Эстетизм, культ мастерства — это культ талантливости. Это нечто серединное, лежащее между человеческим и гениальным. Талант часто останавливает человека в его развитии, разрывает нить, связывающую его с гением. А потому на таланте нельзя построить всенародного, всечеловеческого искусства. Талант может погубить человека, сузить его, свести его к голому мастерству, которое, конечно, найдет своих ценителей, но ценителей цеховых.

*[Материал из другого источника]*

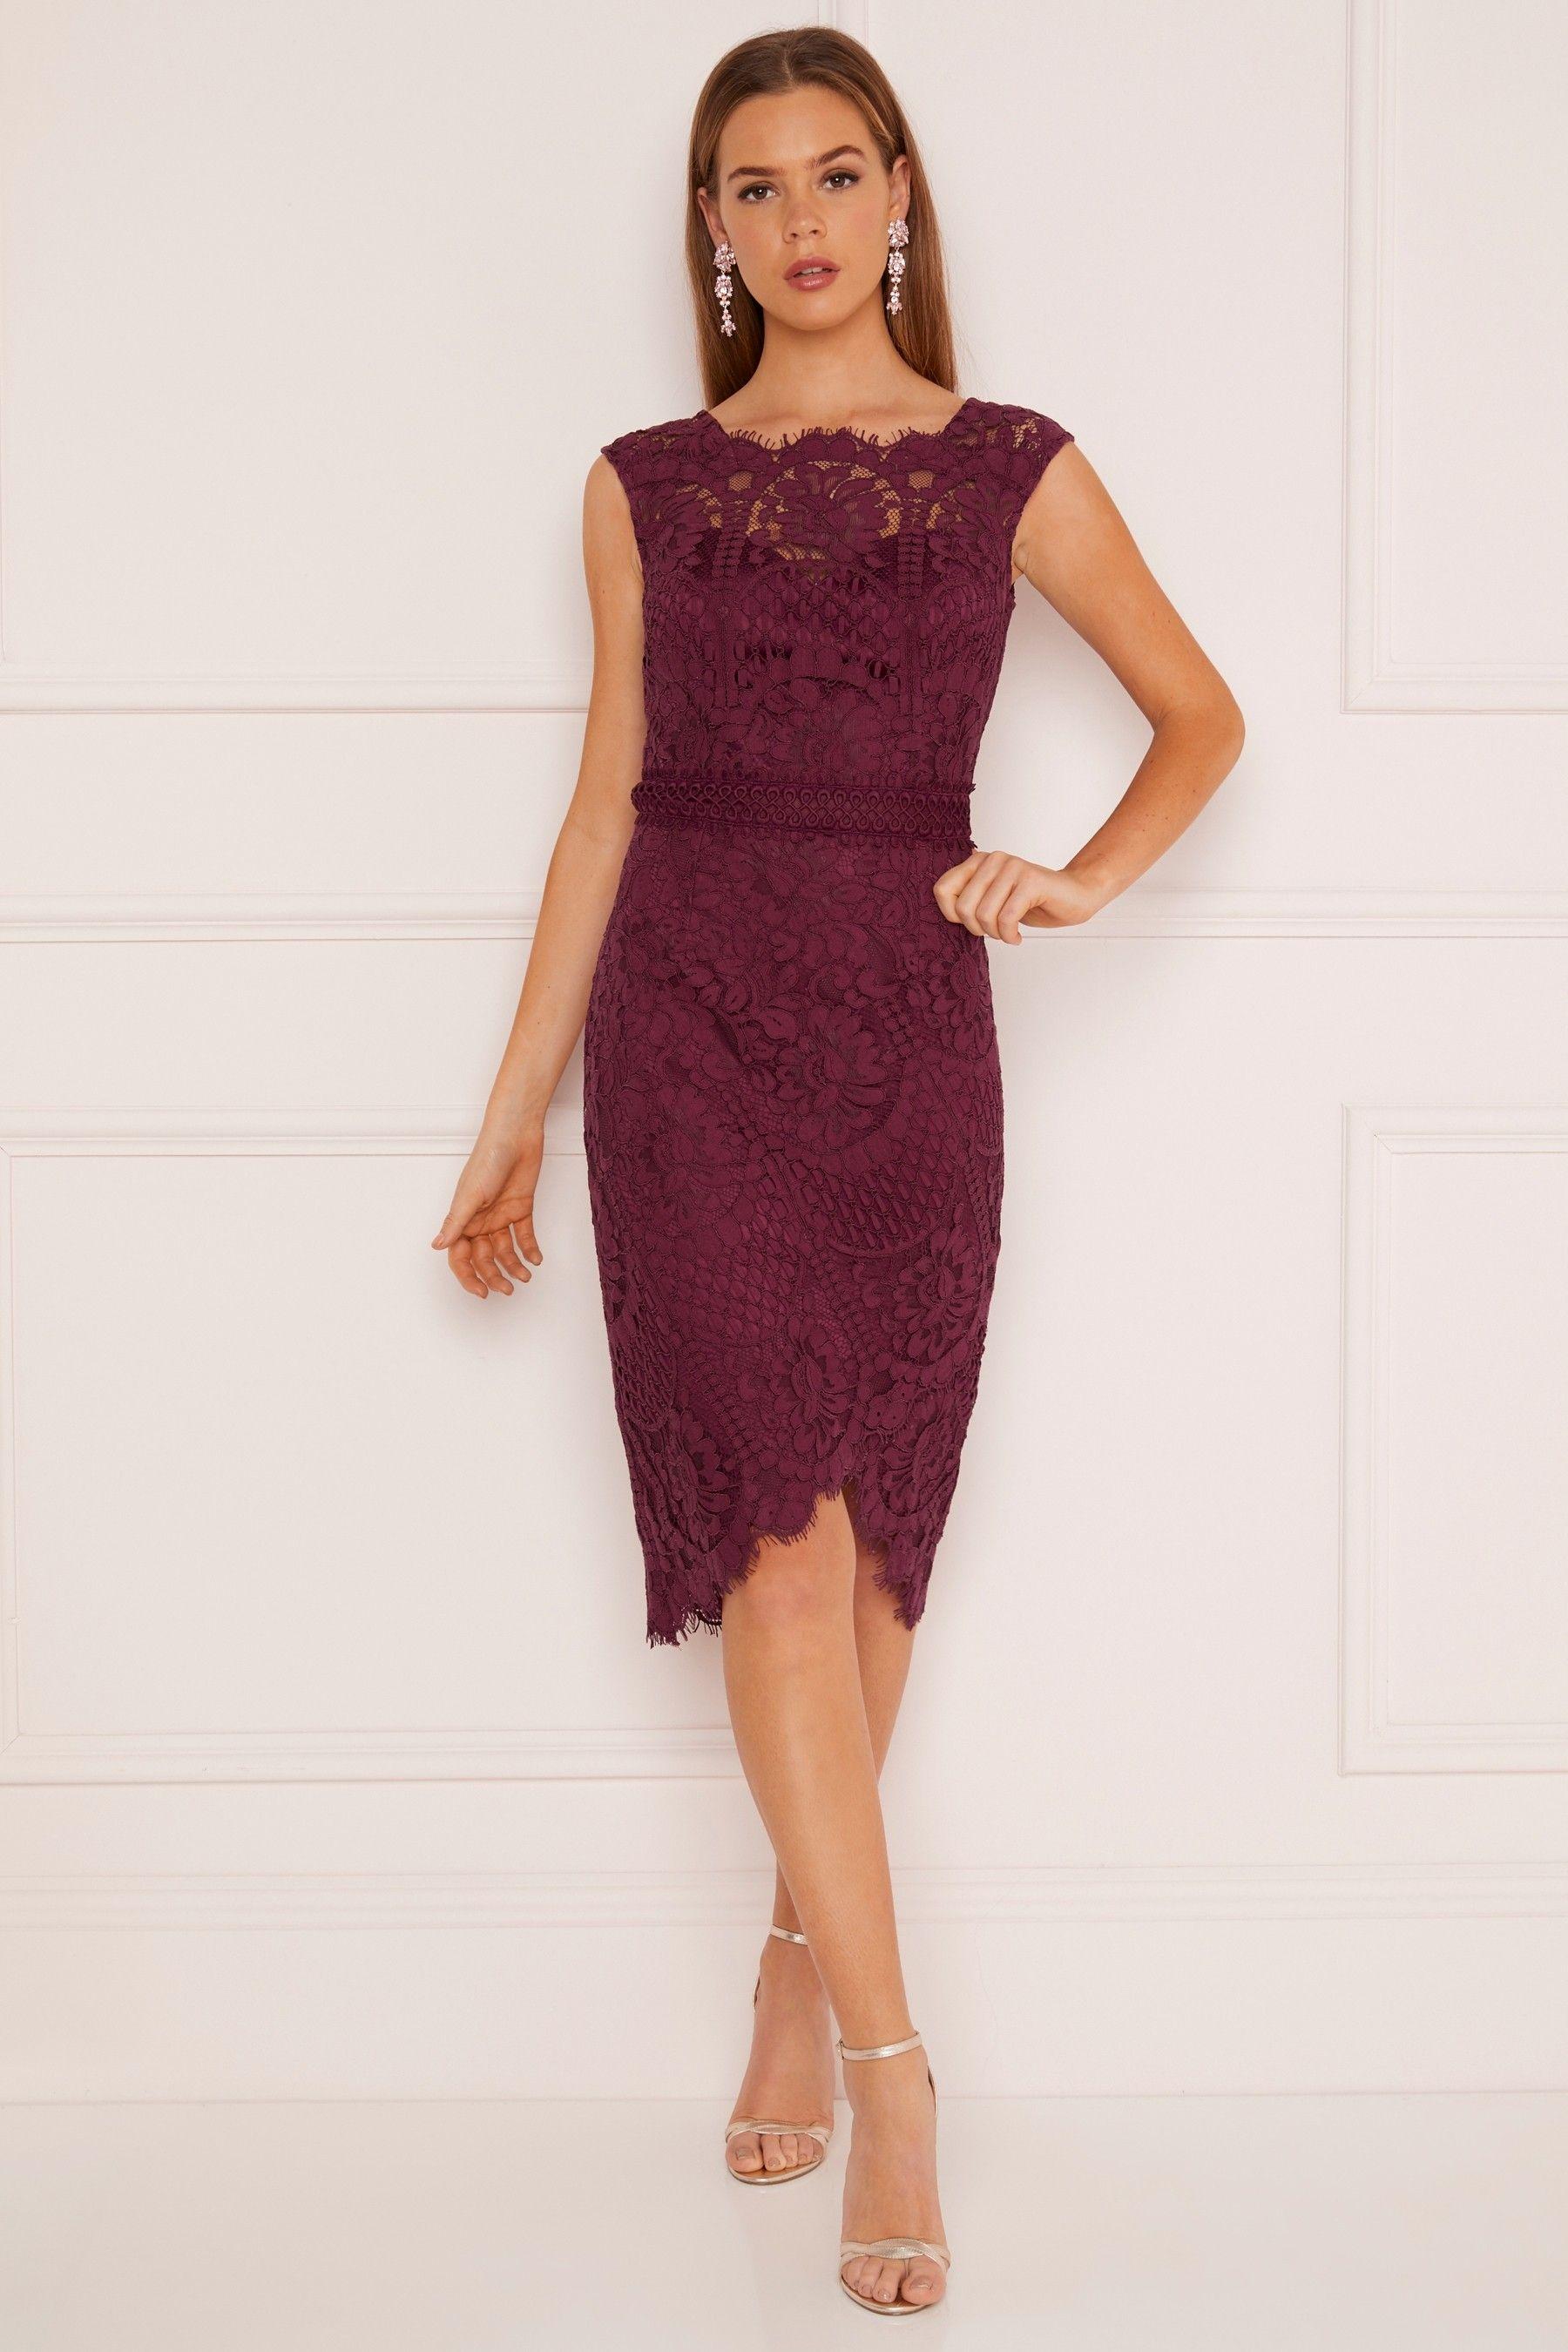 78d2a76d343 Womens Lipsy VIP Asymmetric Lace Bodycon Dress - Red

Как в средние века все работающие были разбиты на цехи, так и теперь среди современных эстетов есть цехи поэтов, музыкантов, художников, имеющие свои очень почтенные, но узко-кастовые, а отнюдь не всенародные интересы. Но, выходя из своего цеха, поэт, музыкант, художник становится самым обыкновенным человеком и, может быть, не только не гениальным, но даже плоским и банальным, пошлее любой бабы Агафьи, которая в некоторых случаях своей жизни куда ближе к Гете или Леонардо, чем ‘талантливый’ поэт, обожающий публичные дома.
Не человек для субботы, а суббота для человека. Самое высокое звание на земле — это звание человека. Достигается оно высшим напряжением воли, утверждением личности и связью ее с миром. Талант, украшение жизни, путь к славе, но не путь к гениальности. Да здравствуют гении, да здравствует человек, долой искусство, как религию.
Впервые опубликовано: Золотое руно. 1908. No 1. С. 71-76.